Они стояли, обнявшись, еще минут пять, потом пошли домой, счастливые и окрыленные. Как семья, не знавшая ни бед, ни горя, ни отчаяния.


Осенние лучики восходящего солнца осветили комнату. Открыв глаза, Виктория зевнула, потянулась, прижала к себе белого плюшевого мишку, свернулась в клубок и посмотрела в окно, за которым игривый осенний денек купался в лучах утреннего солнца.

Она зарылась лицом в мягкую игрушку и прикоснулась подбородком к чему-то острому и твердому. Отпрянув, Вика подняла мишку и увидела, что под ним лежит запечатанный белый конверт. Она с недоумением, но с некой надеждой взяла его в руки, быстро разорвала и вытащила пожелтевший листок, исписанный с двух сторон черными и красными чернилами:

«Привет, дорогая Виктория!

Надеюсь, это письмо пришло к тебе и не затерялось среди безграничных просторов вселенной. Надеюсь, что ты его прочтешь.

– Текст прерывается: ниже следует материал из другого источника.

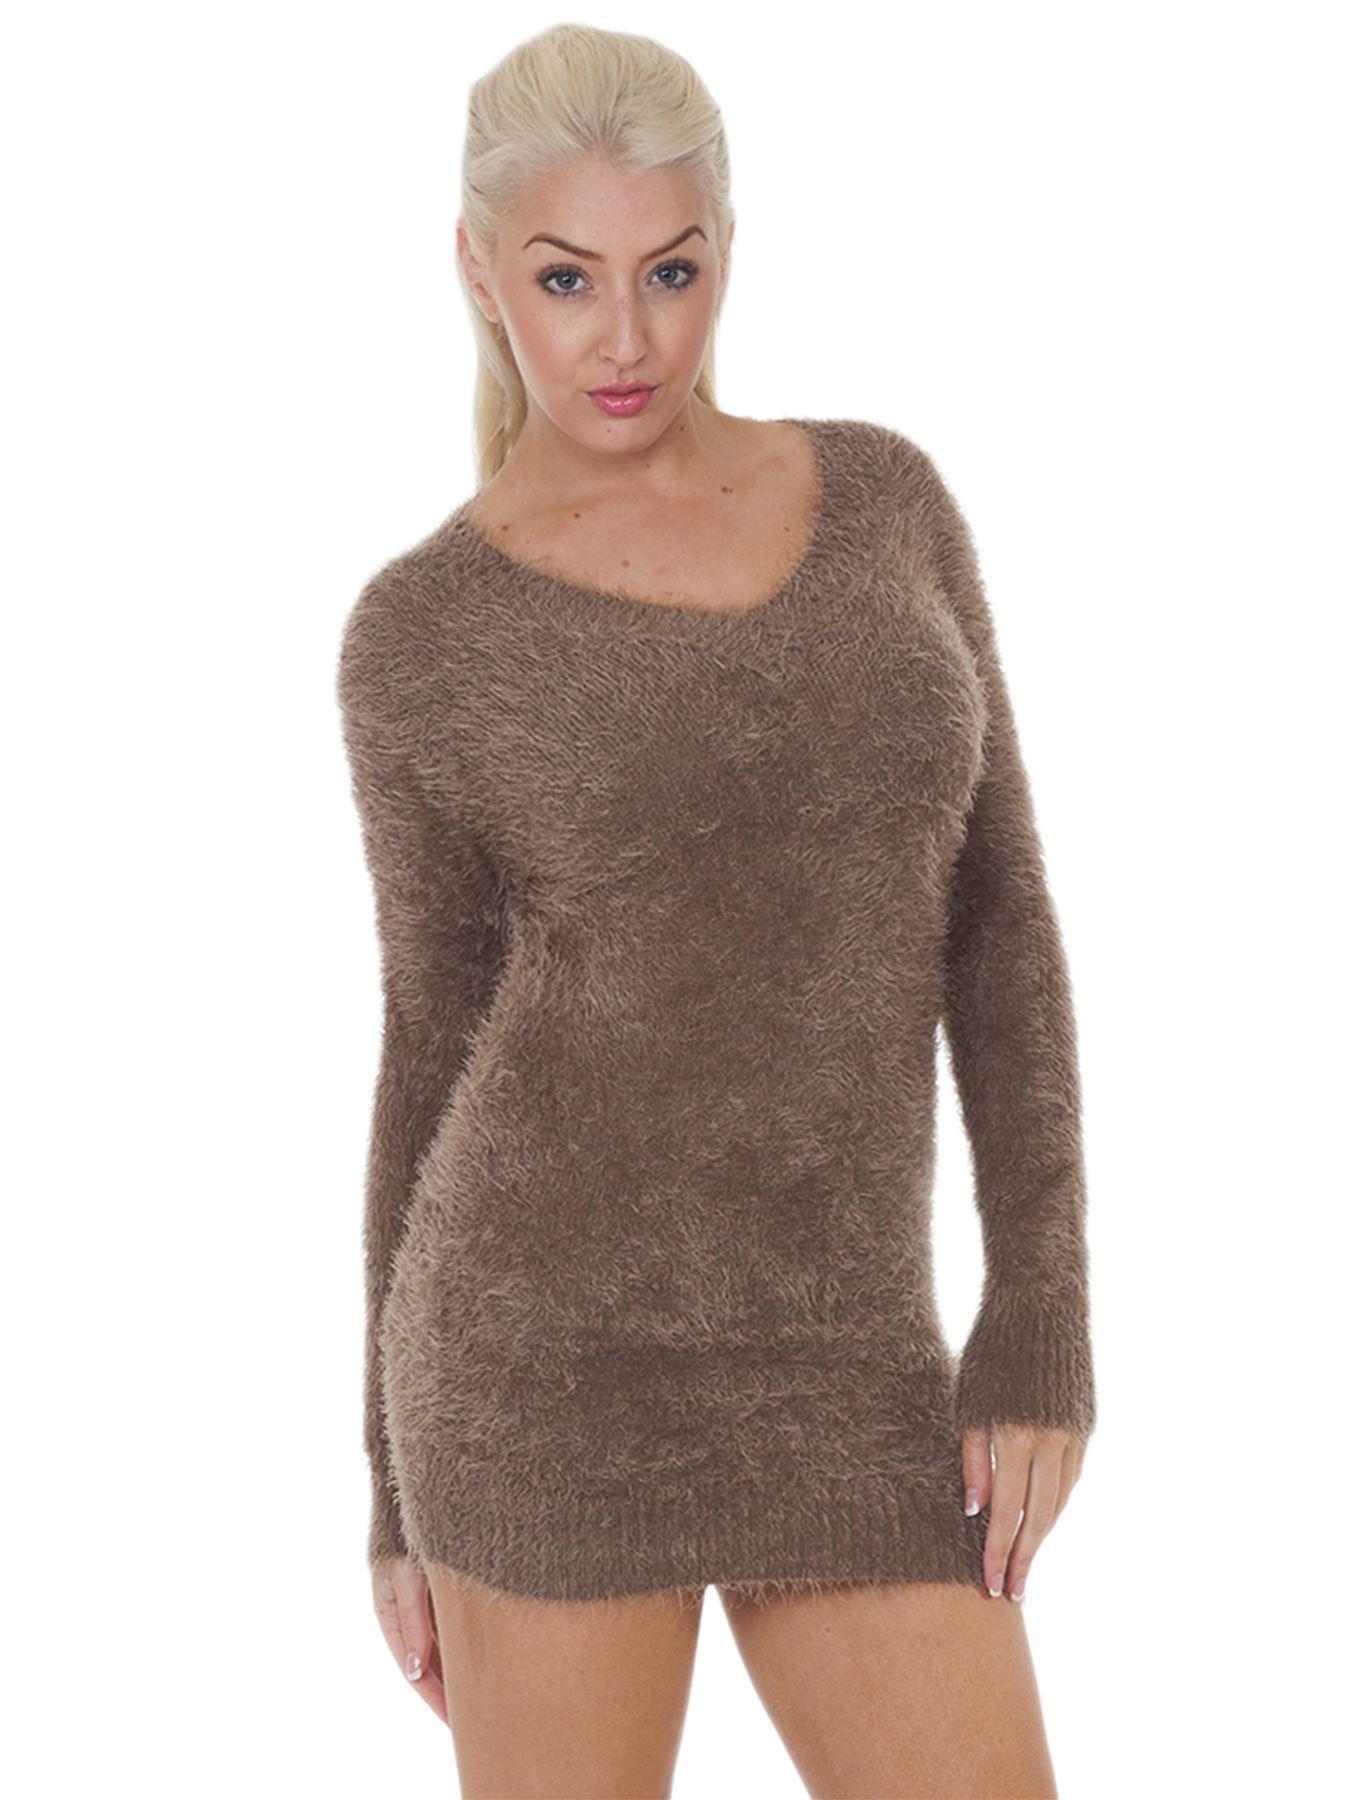 Pull-Femme-Femmes-Tricote-Cardigans-Plain-Tricot-Moelleux-Col-V-Manches-Longues miniature 20

Начну, пожалуй, с извинений. Прости, что сейчас я не с тобой: не целую, не обнимаю, не ласкаю тебя. Прости, что не помогаю тебе пережить тот кошмар, который обрушился на тебя и на твою семью. Прости меня за то, что написал это письмо, а не сообщил тебе обо всем лично. Решил, что встреча перед долгим расставанием будет невыносимой и близка к смертельному отчаянью. И что можно сказать за три минуты, отведенные мне на прощание? Надеюсь, ты меня простишь за своевольность.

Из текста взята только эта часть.